Дружеский договор вступает в силу

 

 

После того как мистер Боффин ушел, хлопнув калиткой, оба участника дружеского договора долго сидели на полу, тяжело переводя дух и уставясь один на другого. В подслеповатых глазках мистера Венуса, в каждом рыжеватом волоске его пыльной шевелюры было заметно недоверие к Веггу и готовность вцепиться в него по малейшему поводу. Топорное лицо Вегга и вся его угловатая и сухая фигура, напоминавшая деревянную игрушку немецкой работы, выражали дипломатическую уступчивость, хотя и не по доброй воле. Оба были красны, встрепаны и еще не успели остыть после драки, а Вегг при падении сильно расшиб голову и теперь сидел, потирая затылок, с видом крайнего и неприятного удивления. Оба молчали, выжидая, кто заговорит первым.
— Друг, вы были правы, а я виноват, — начал Вегг, прерывая молчание. — Я забылся.
Мистер Венус понимающе качнул лохматой головой, словно желая сказать, что Вегг, напротив, скорее опомнился, если предстал перед ним в своем истинном виде, без прикрас.
— Однако, приятель, — продолжал мистер Вегг, — вам не дано было знать мисс Элизабет, маленького Джорджа, тетушку Джейн и дядюшку Паркера.
Мистер Венус согласился, что не имел чести знать этих замечательных людей, да еще прибавил, что, в сущности, никогда не желал с ними познакомиться.
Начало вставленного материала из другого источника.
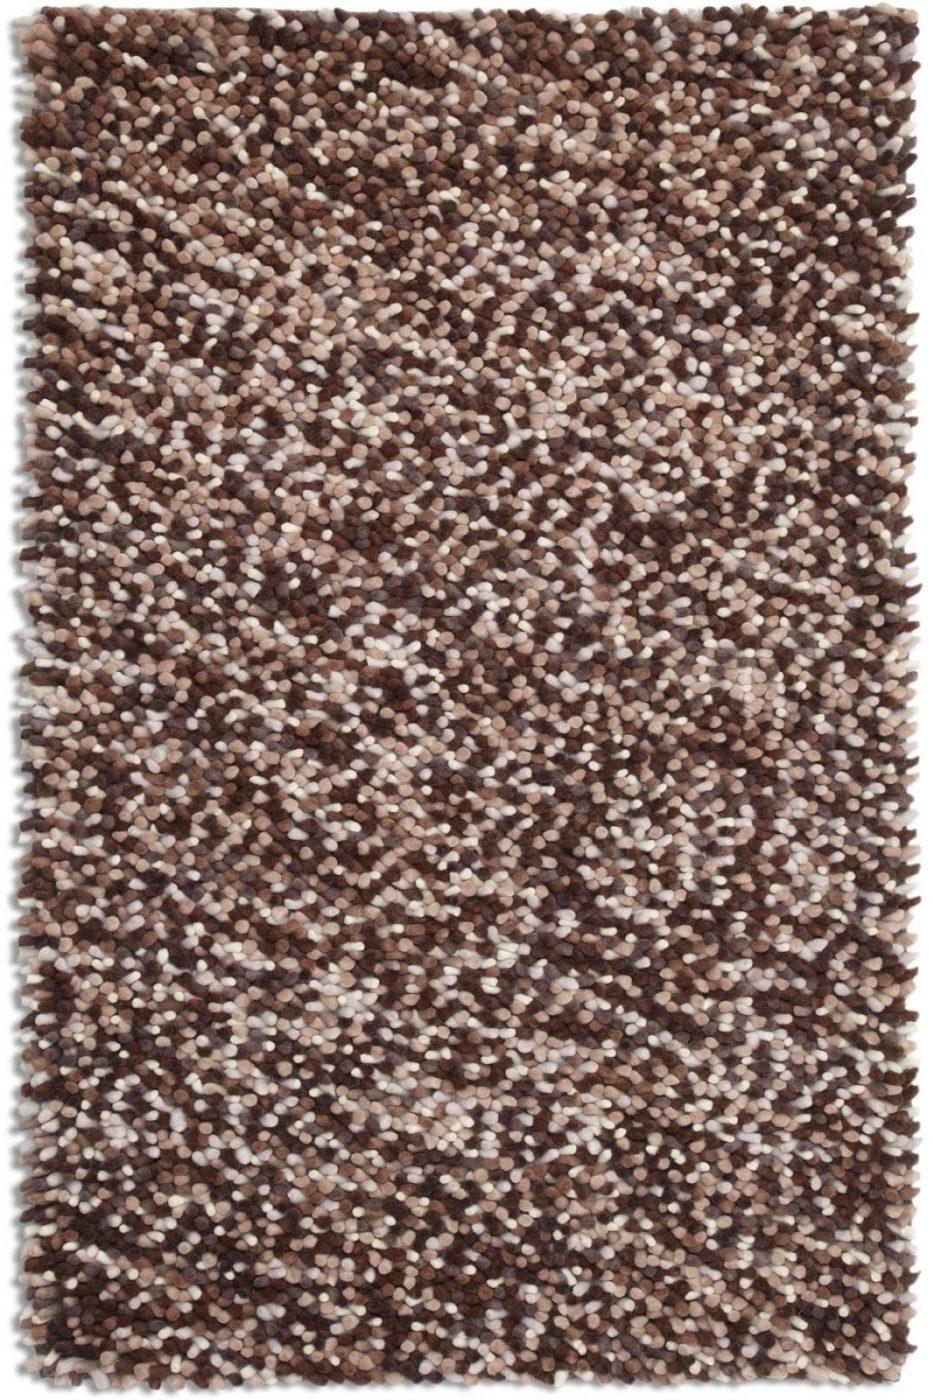 Beans BEA03 | Plantation Rug Company | Best at Flooring

— Не говорите этого, приятель, — возразил Вегг, — нет, не говорите! Ведь если вы их не знали, разве вы в состоянии понять, что можно прийти в бешенство от одного вида узурпатора.
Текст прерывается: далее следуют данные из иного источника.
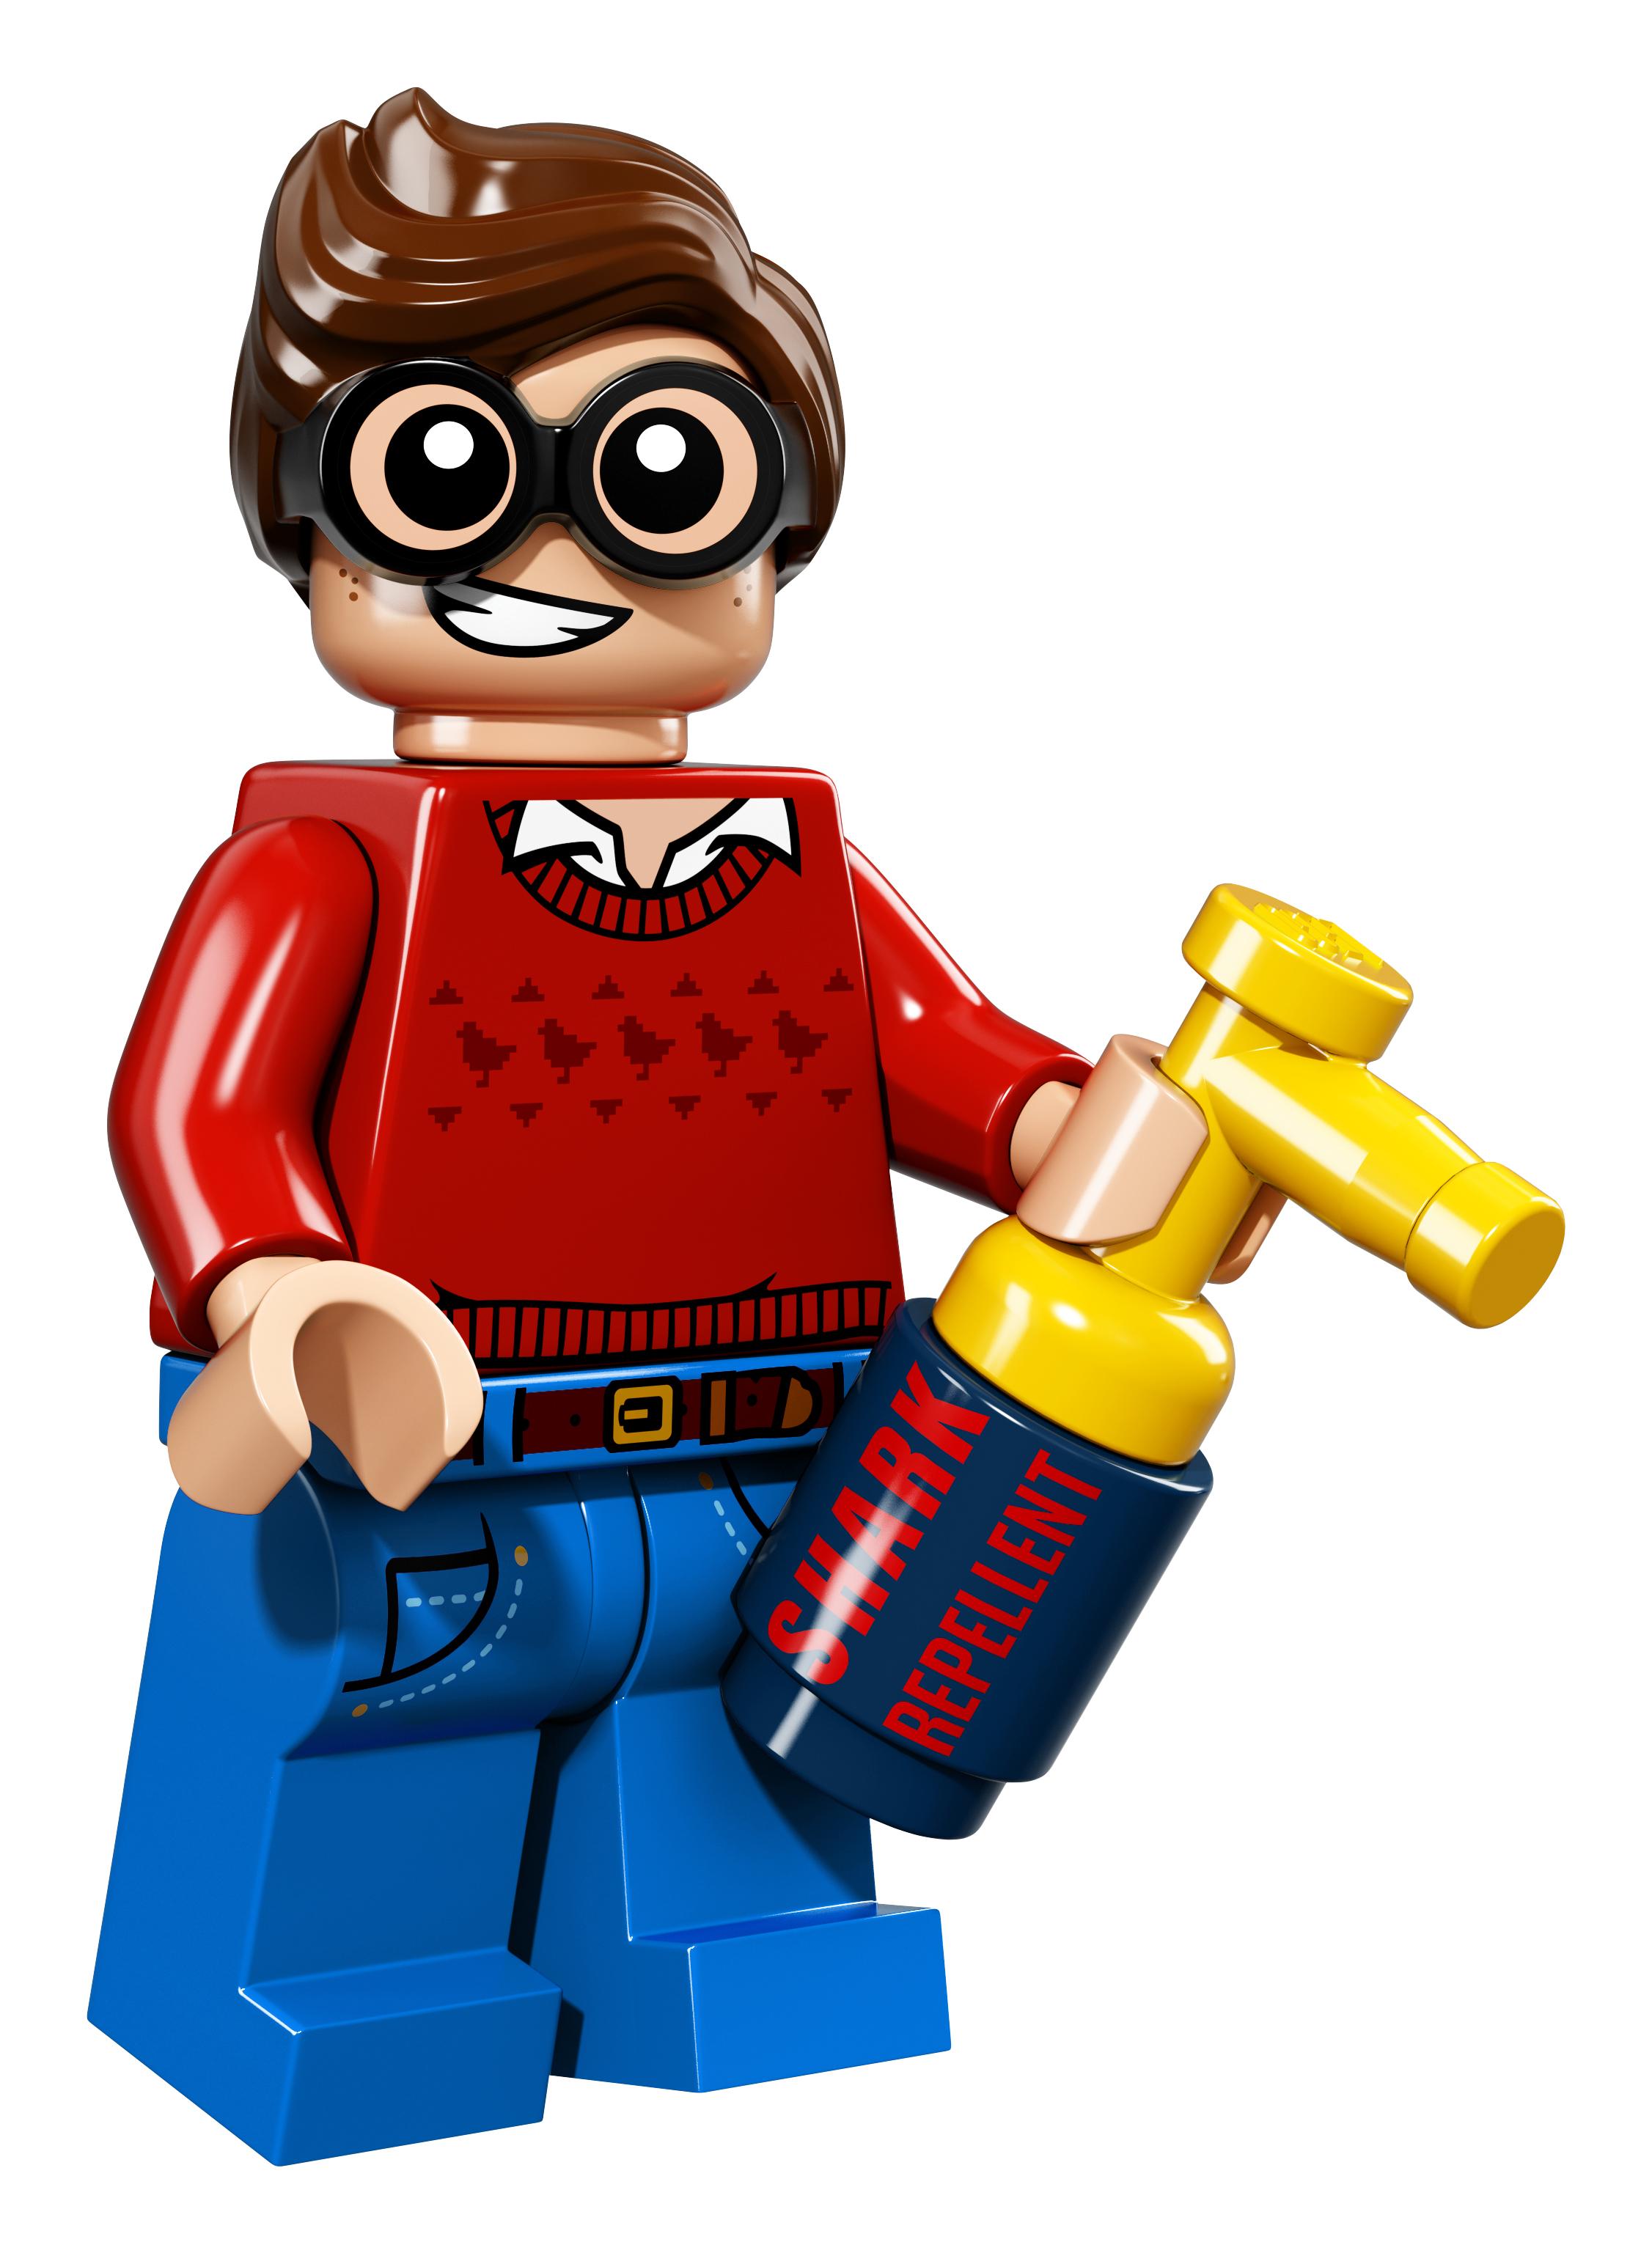 LEGO Batman Movie Minifigures.

Представив такое оправдание, по-видимому, делавшее ему большую честь, мистер Вегг ползком подобрался к стулу в углу комнаты, и там, после нескольких неловких прыжков, ему удалось принять вертикальное положение. Венус тоже поднялся с пола.
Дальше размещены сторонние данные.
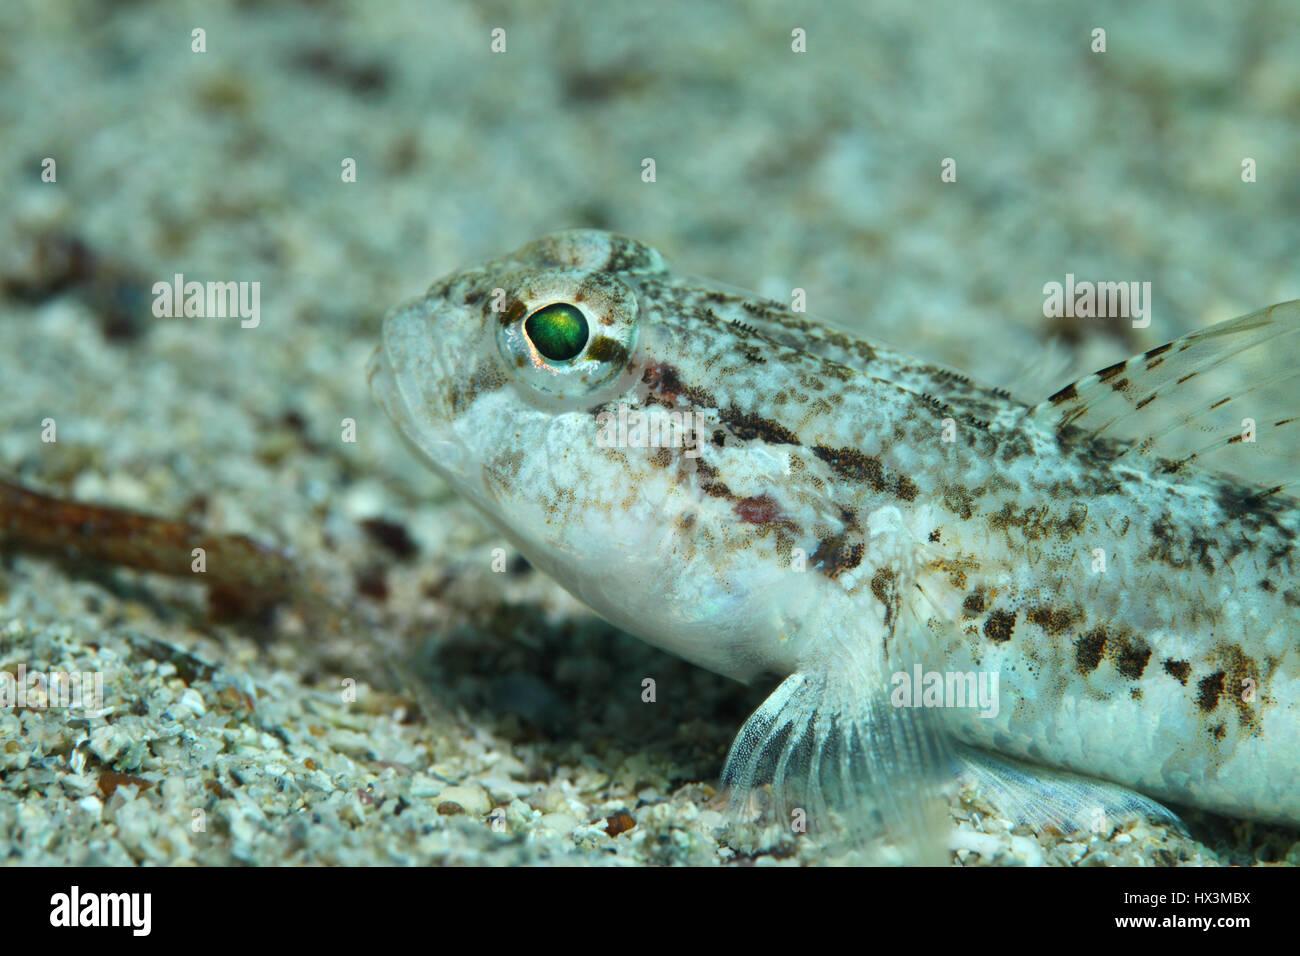 Slender goby fish (Gobius geniporus) underwater in the Mediterranean Sea - Stock Image

— Садитесь, друг, — сказал Вегг. — Какая же у вас выразительная физиономия, друг!
Мистер Венус невольно провел рукой по лицу и посмотрел на ладонь, словно желая проверить, не прилипло ли к ней сколько-нибудь выразительности.
— Заметьте, я отлично понимаю, — продолжал Вегг, — отлично понимаю, какой вопрос написан на вашей выразительной физиономии.
— Какой же вопрос?
— Вопрос, почему я не говорил до сих пор, что сделал кое-какую находку, — отвечал Вегг, крайне любезно и радостно. — Ваша выразительная физиономия говорит мне: «Почему же вы не сообщили про находку раньше, как только я пришел? Почему вы молчали, пока вам не взбрело в голову, что мистер Боффин приходил искать именно эту вещь?» На вашем лице это написано яснее всяких слов. Ну, а вы можете прочесть на моем лице, что я вам отвечу?
— Нет, не могу, — сказал Венус.
— Так я и знал. А почему не можете? — вопросил Вегг так же откровенно и радостно. — Потому, что у меня лицо не выразительное — я за этим не гонюсь. Потому, что я отлично знаю свои недостатки. Не все люди одинаковы — кому что дано. А словами я могу вам ответить. И какими словами? Вот какими. Я хотел вам сделать приятный суп-приз.
Произнеся с расстановкой и ударением слово «сюрприз», Вегг пожал обе руки своему другу и брату и похлопал его по обеим коленкам, словно ласковый покровитель, не желающий благодарности за ничтожную услугу, которую он только рад был оказать.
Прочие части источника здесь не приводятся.